I've been discussing this question offline with @SoilRotifer, and we think the issue may be related to read orientation.
During Illumina sequencing, the amplicon primers can be used as sequencing primers to that all the reads are in the 'forward' orientation. So R1 is always SSUF04 and R2 is always SSURmod.
Or, the normal Illumina primers can be used, so R1 is a mix of SSUF04 and SSURmod. Half the reads are 'backwards' after sequencing, and can lead to many unassigned reads.
Do you think that could be going on here?
If you want to try this, run the rescript orient-seqs option from the SILVA tutorial. If that makes your ASVs get taxonomy, that's a good step forward!
When you re-run feature-classifier classify-sklearn ... , can you set the option --p-read-orientation same. Sometimes the default --p-read-orientation auto can be tricked and result in spurious results, so your command should be:
I noticed you mislabeled your output as table_ssu_oriented.qza, when it should probably be repseqs_ssu_oriented.qza.

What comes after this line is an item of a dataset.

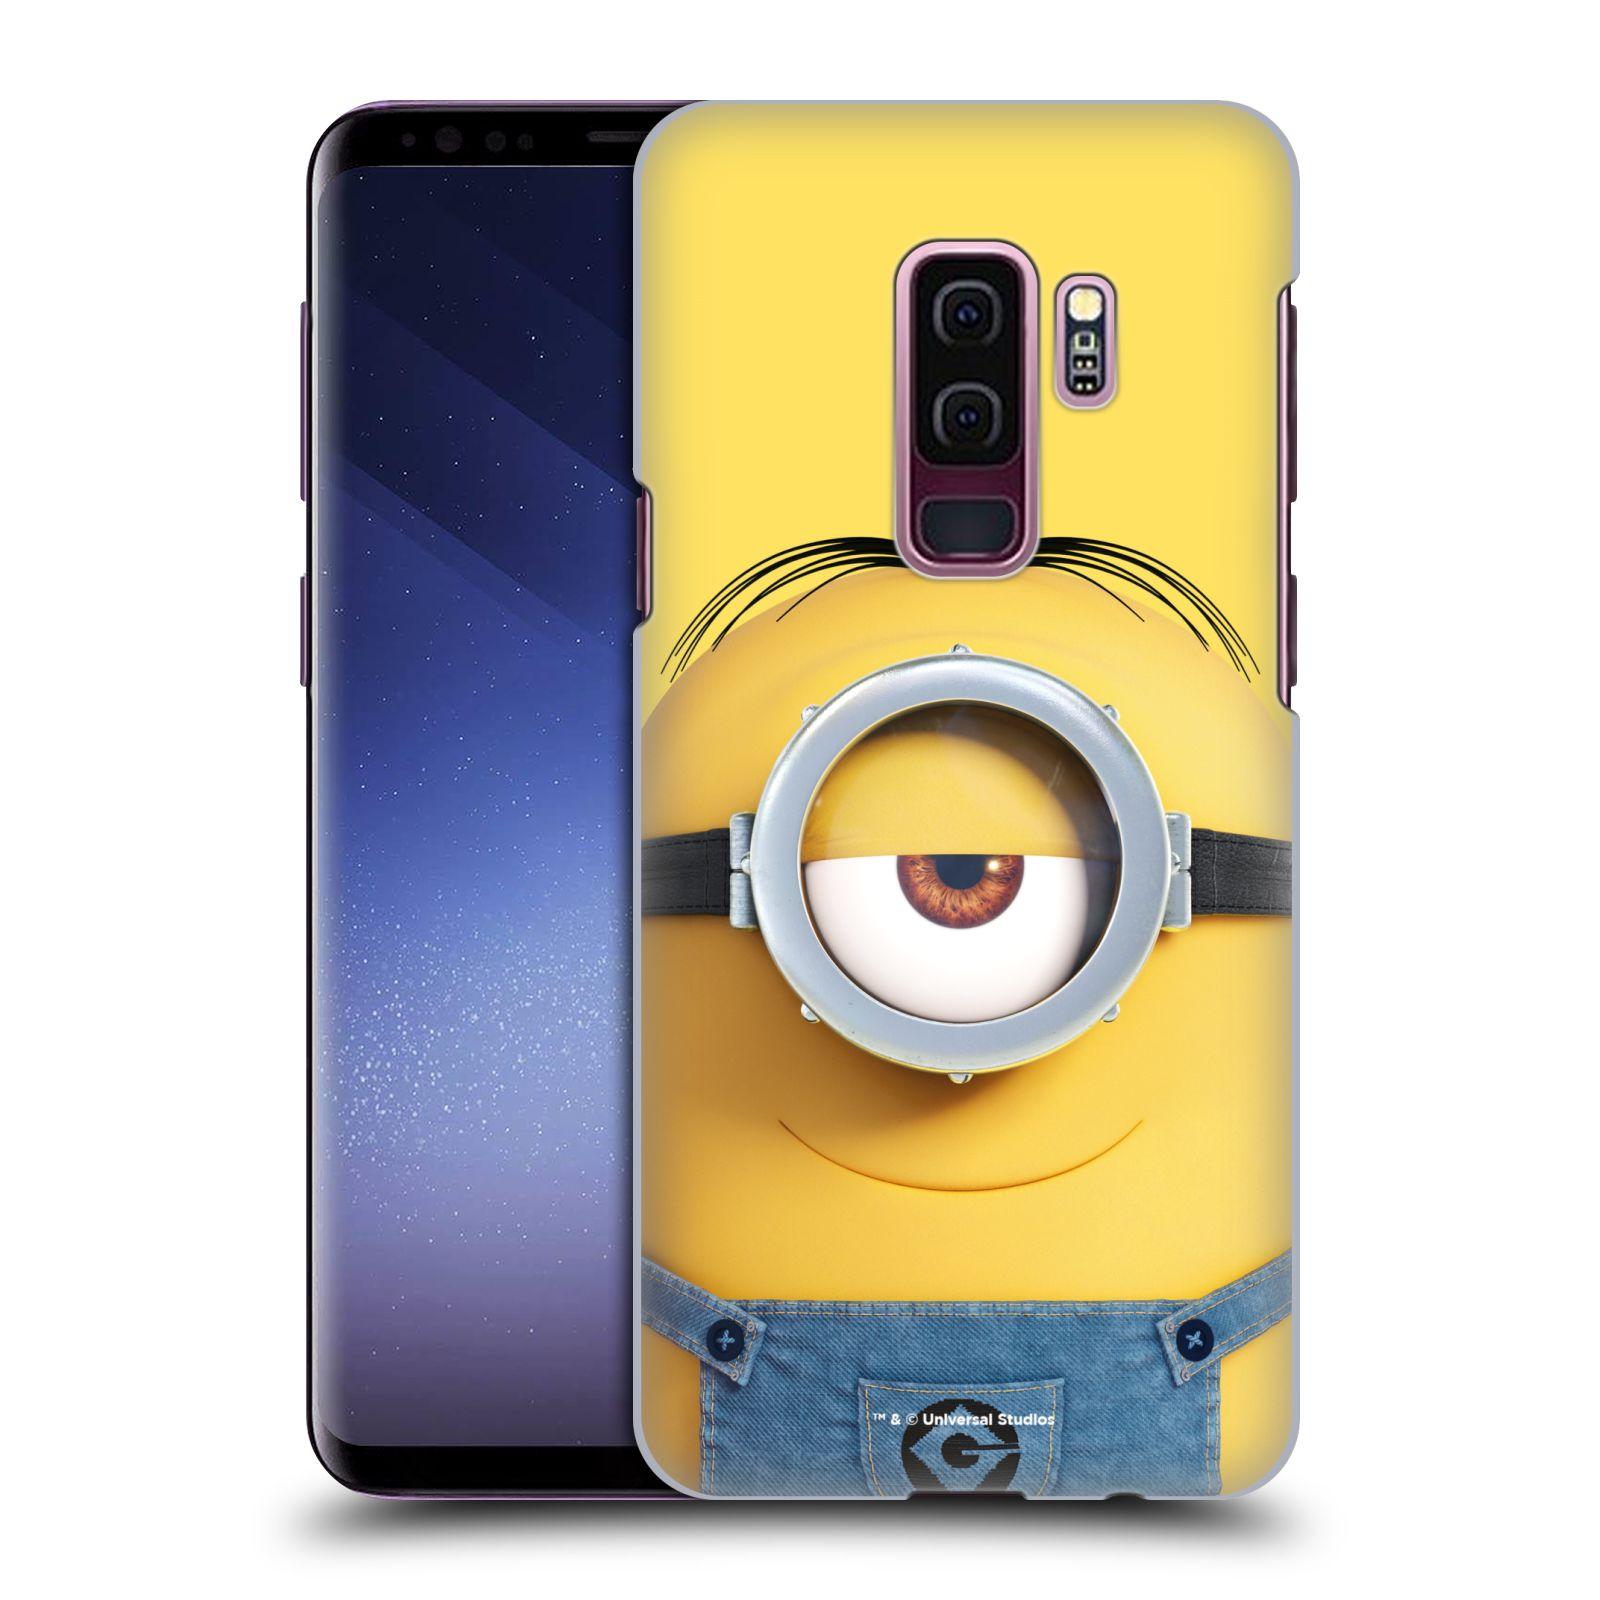 Plastové pouzdro na mobil Samsung Galaxy S9 Plus - Head Case - Mimoň Stuart z filmu Já, padouch - Despicable Me

Anyway, if setting the orientation does not help... then I'd try running the following using the reference sequences and taxonomy files (those used to make the classifier) as input:
Vsearch will work regardless of orientation. But if you obtain the same spurious results... then I would think the sequencing run did not work as intended. Probably manually BLAST a few of the sequences online with the megablast setting, and excluding environmental sequences.